Re: Perl cgi without mod_perl, your experience
by Seumas (Curate) on Jun 22, 2004 at 14:54 UTC
    Before I describe my situation, let me mention that I am not a web developer or a professional coder and my site is a hobby.

    I run a large auction site. I wrote the entire engine from scratch -- 15,000 lines of PERL with HTML::Template as the presentation layer, PostgreSQL on the backend, served by Apache 1.3.29 on Debian (testing).

    My code is somewhat of a mess because I've been learning as I go over the years and without coding experience prior to perl, grasping OO is a huge leap. I'm rewriting my code so in an OO way bit by bit so that I can eventually use mod_perl.

    I serve approximately 30,000 pages per day (filled with photos and thumbnails for auctions) on a dual 1.5ghz AMD Athlon machine with 2gb RAM and have an average server load of perhaps 25%. During extreme peak times, it might reach 60% but only for a short duration.
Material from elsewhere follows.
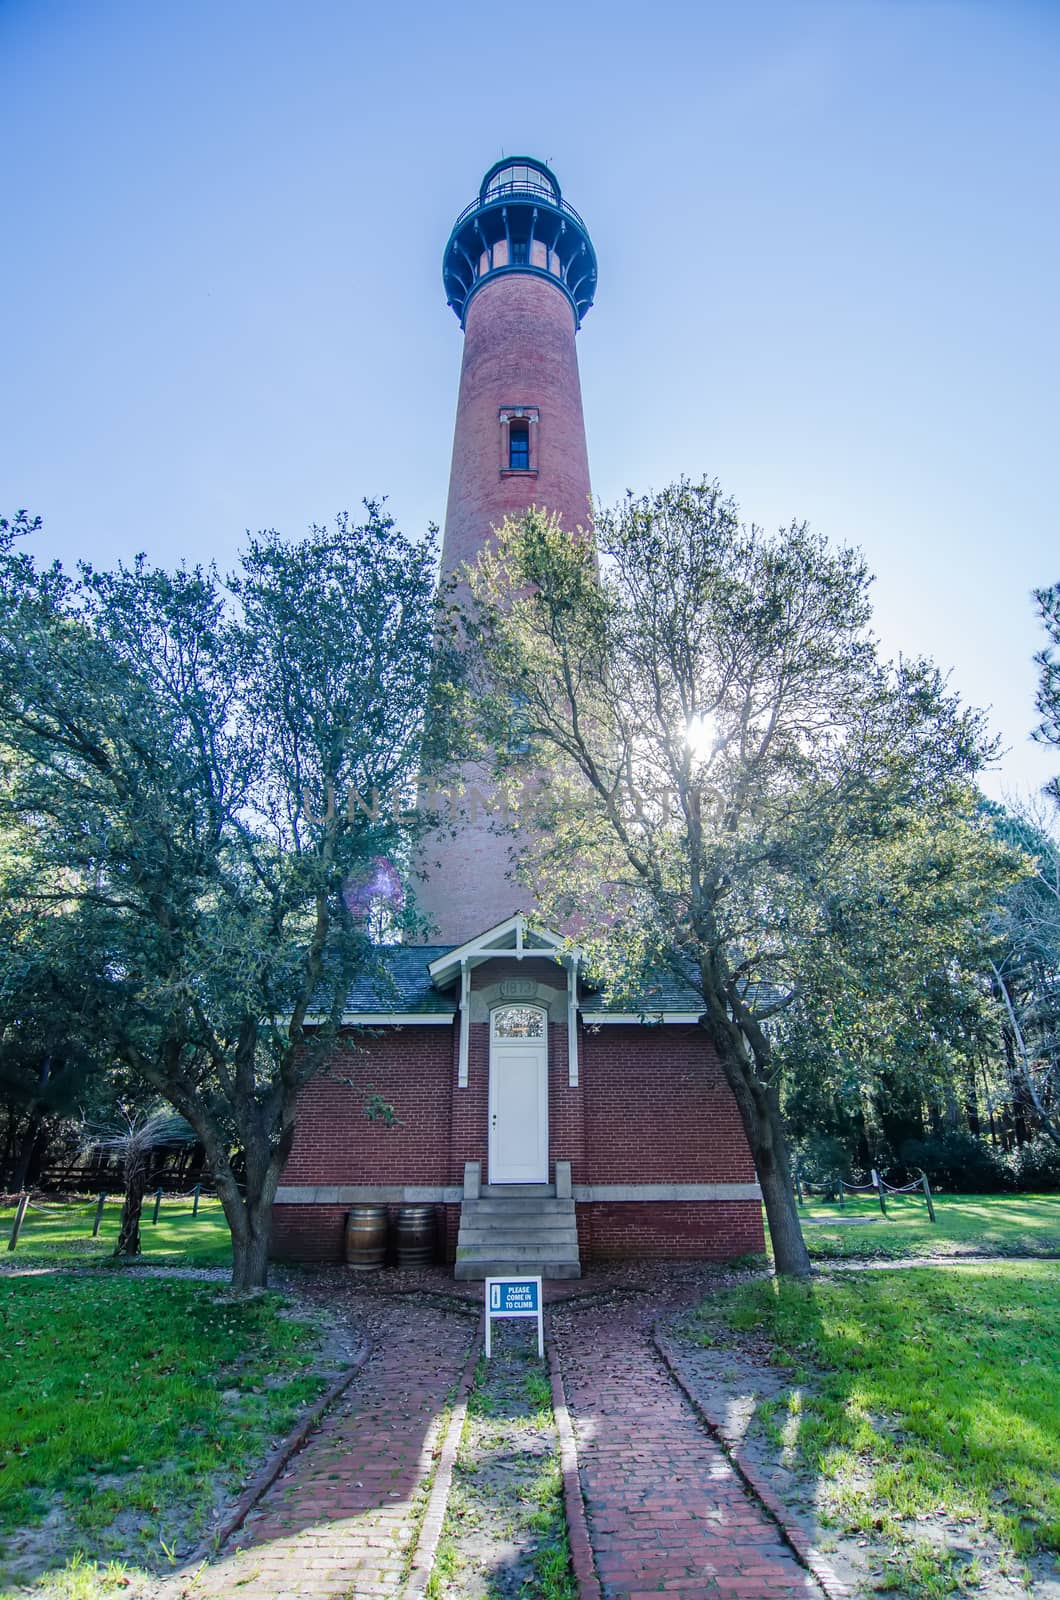 Currituck Beach Lighthouse on the Outer Banks of North Carolina by digidreamgrafix

    There's really no reason not to use mod_perl unless you're just not sure that your code is up to snuff. Even then, you can run in a modified mode which will still give you some speed benefits to the tune of four or five times.
      Thanks, Seumas!

      I'm rewriting my code so in an OO way bit by bit so that I can eventually use mod_perl.
      From my understanding, plain perl code will run with mod_perl. No? I thought all that mattered was making sure that you don't have globals?
        It doesn't need to be OO, but as you progress you'll find it's much easier to build modules out of your code and then use them in your applications.

        You are correct about globals, programming under mod_perl is what finally got me into the habit of using my.

        Saying what everyone else has said in a different way:
        Since you're running on Windows, remember that you're going to be loading and unloading perl.exe and the perlxx.dll for every request. This can begin to fragment your memory over time. XP reclaims memory much better than NT did, neither as well as a *nix will. Consider a thousand requests coming in, each loading an interpreter and parsing a script, each with a footprint of between 2mb and 10mb each. This can eat up memory very quickly.

        I suggest opening up task manager and adding the mem usage, vm size, and peak mem usage columns to the processes page. Then try to fire up 10 (or as many as you can) connections to your script and watch the processes come in and out. It's a real simple and fast way to see how that's going to scale. I think somebody posted a simple stress test here before, you could easily do it with a quick POE script as well.

        HTH
        Since your code is persistant under mod_perl, you just want to make sure that it's clean code so it isn't necessary to write your stuff in an OO way.

        Really, you want to write clean code - whether or not you're using mod_perl. If it's clean, you'll be able to move to mod_perl later if you want/need/can.

        Unfortunately, in my case, I'm re-writing a system I wrote from scratch when I was first picking up the language so it's kind of messy.